Academic study and lived experience converged last night at the Afro−Latino Roundtable Forum, where an assembly of over 50 students, faculty and visiting speakers participated in a dialogue about the Afro−Latino experience in the United States.
The evening event was held in the Lincoln Filene Center. Associate Professor of Art and Art History Adriana Zavala explained that, although the event was originally planned to take place last year, last night's event came at a good time, given increased discussion in recent months on the topics of race and ethnicity on campus.
"We're incredibly happy it happened this semester, since we are in the midst of talking about activating race academically on campus," she said.
The discussion took place on the heels of the release of The Afro−Latin@ Reader produced by Duke University, a collection of academic articles, poems, short stories, newspaper articles and personal testimonies about Afro−Latinos in the United States context. The Reader formed the base of last night's discussion.
"The Reader is an attempt to document, at multiple levels, the history of African people of Latino descent in the United States," Miriam Jimenez Román, executive director of the afro−latin@ forum and co−editor of the Reader, said
The Reader aims to look at historical racial hierarchy in the Afro−Latino community while unpacking the lived experiences of colorism — discrimination based on skin tone — according to James Jennings, contributing author of the Reader and Tufts professor of urban and environmental policy and planning.
The work draws its strength from its commitment to identifying experiences as lived histories, Zavala said.
"The experiential aspect of the Reader is important," she said. "It gets people to locate themselves, and it builds a scholarly discourse."
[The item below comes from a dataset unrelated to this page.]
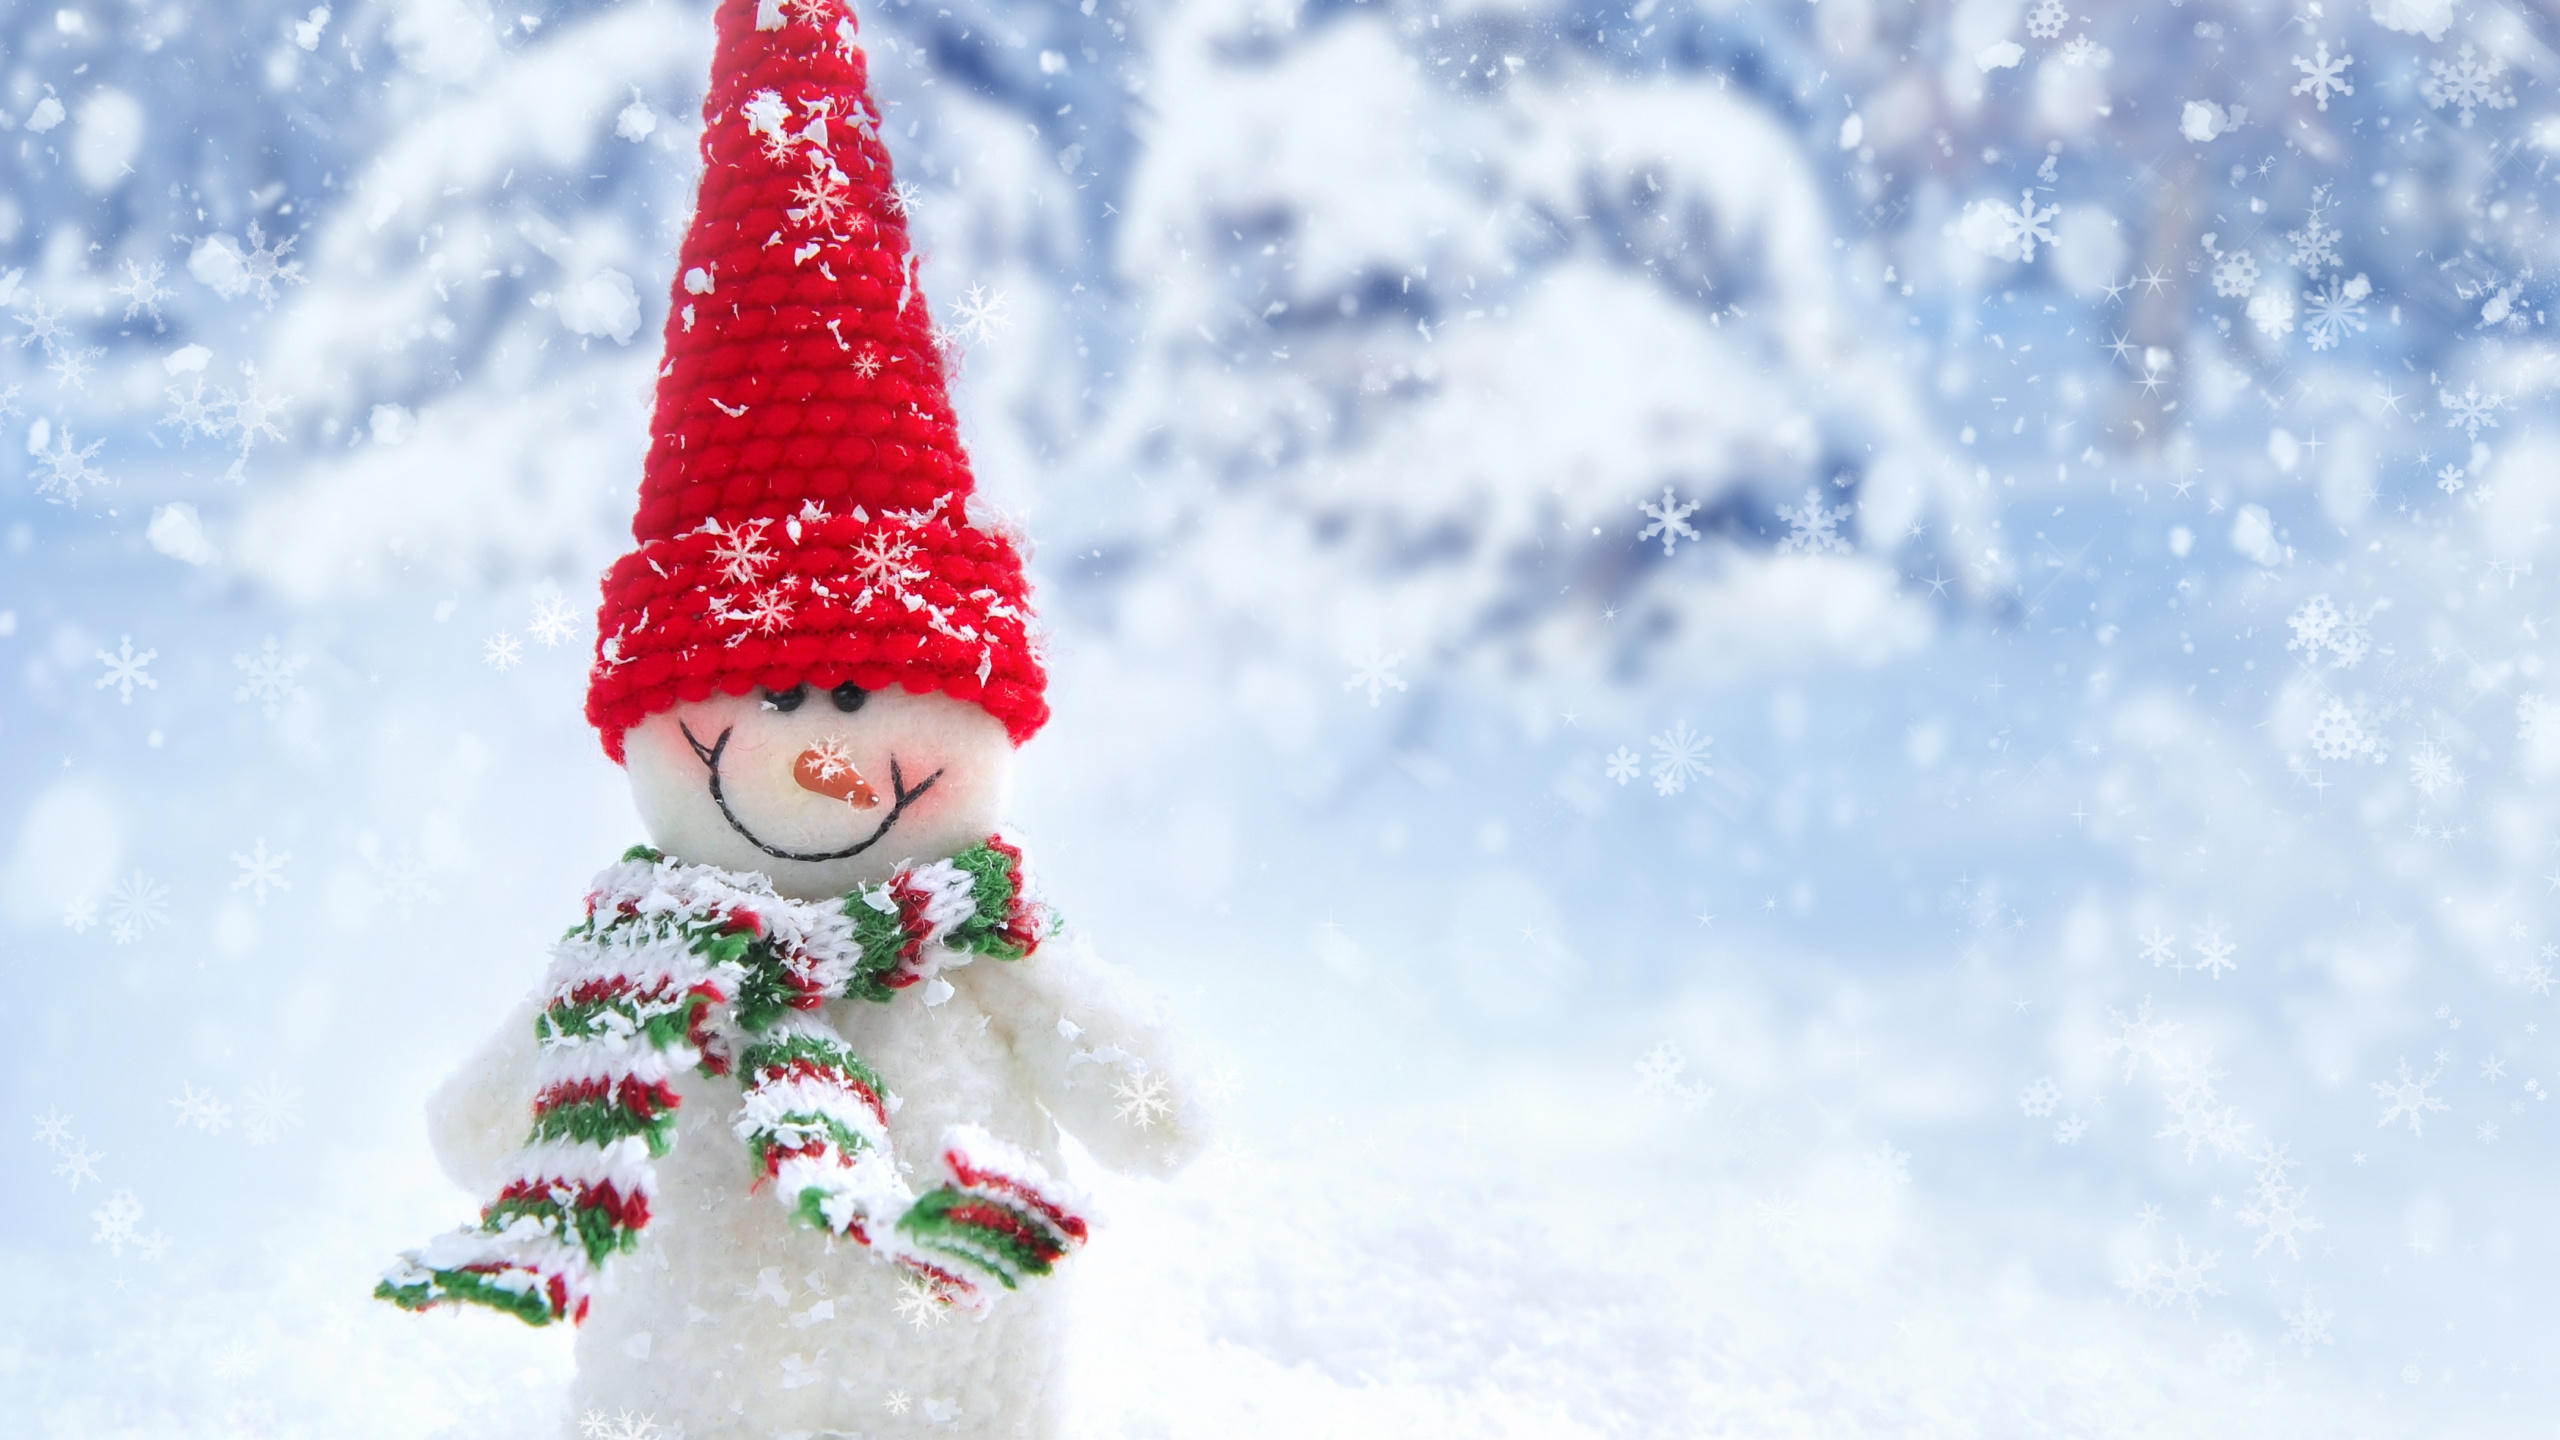 雪人, 冬天, 圣诞树, 圣诞节, 圣诞节的装饰品 壁纸 2560x1440 允许

The pieces employ different historic and geographic lenses, including transnational migration and the inalienable realities of individually lived experiences, according to Juan Flores, professor of social and cultural analysis at New York University and co−editor of the Reader.
"The reason to do the Reader was not about celebrating our heroes. It gives you the idea that all these little stories are about community," Román said. "You take these stories, another way of looking at U.S. history, black history, Latino history … as a way of looking at the people's history, and those are the histories we're not being taught."
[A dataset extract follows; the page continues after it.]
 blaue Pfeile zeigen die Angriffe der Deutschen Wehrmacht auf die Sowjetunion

The evening conversation focused on a variety of topics, ranging from colorism — surrounding and within Afro−Latino communities — and the conflation of race and ethnicity.
"Cultural prejudice isn't the same as racism," Flores said. "The whole point is to question our exclusive possession of ideas. There are bigger issues involved about power and who gets to decides these things."
Román shared a real−life example of how race and colorism works within power structures, especially in the context of employment.
"In the Carolinas, there are 35,000 Afro−Mexicans working in processing plants," she said. "Most people don't understand them as Afro−Mexicans, and they're ‘passing' for Puerto Ricans or Dominicans, because they're dark enough."
Even in the discourse within the Afro−Latino community, Flores explained that pervasive stereotyping exists, particularly of women.
"The hyper sexualizing of women, it's demeaning women in so many ways," Flores said. "There are problems. We have to try to be ahead of that, and keep the political and intellectual understanding to the foreground so it's not taken over as a fad."
When a student in the audience asked the speakers a question about the role of academic departments teaching about these topics, Román explained that academic institutions move slowly in venturing into new fields of study.
"The whole system [of academia] is structured in a way so that it reproduces itself," she said. "Innovation is not part of the academy. It is something that happens after the fact. It's our experiences that force the academy to do something different."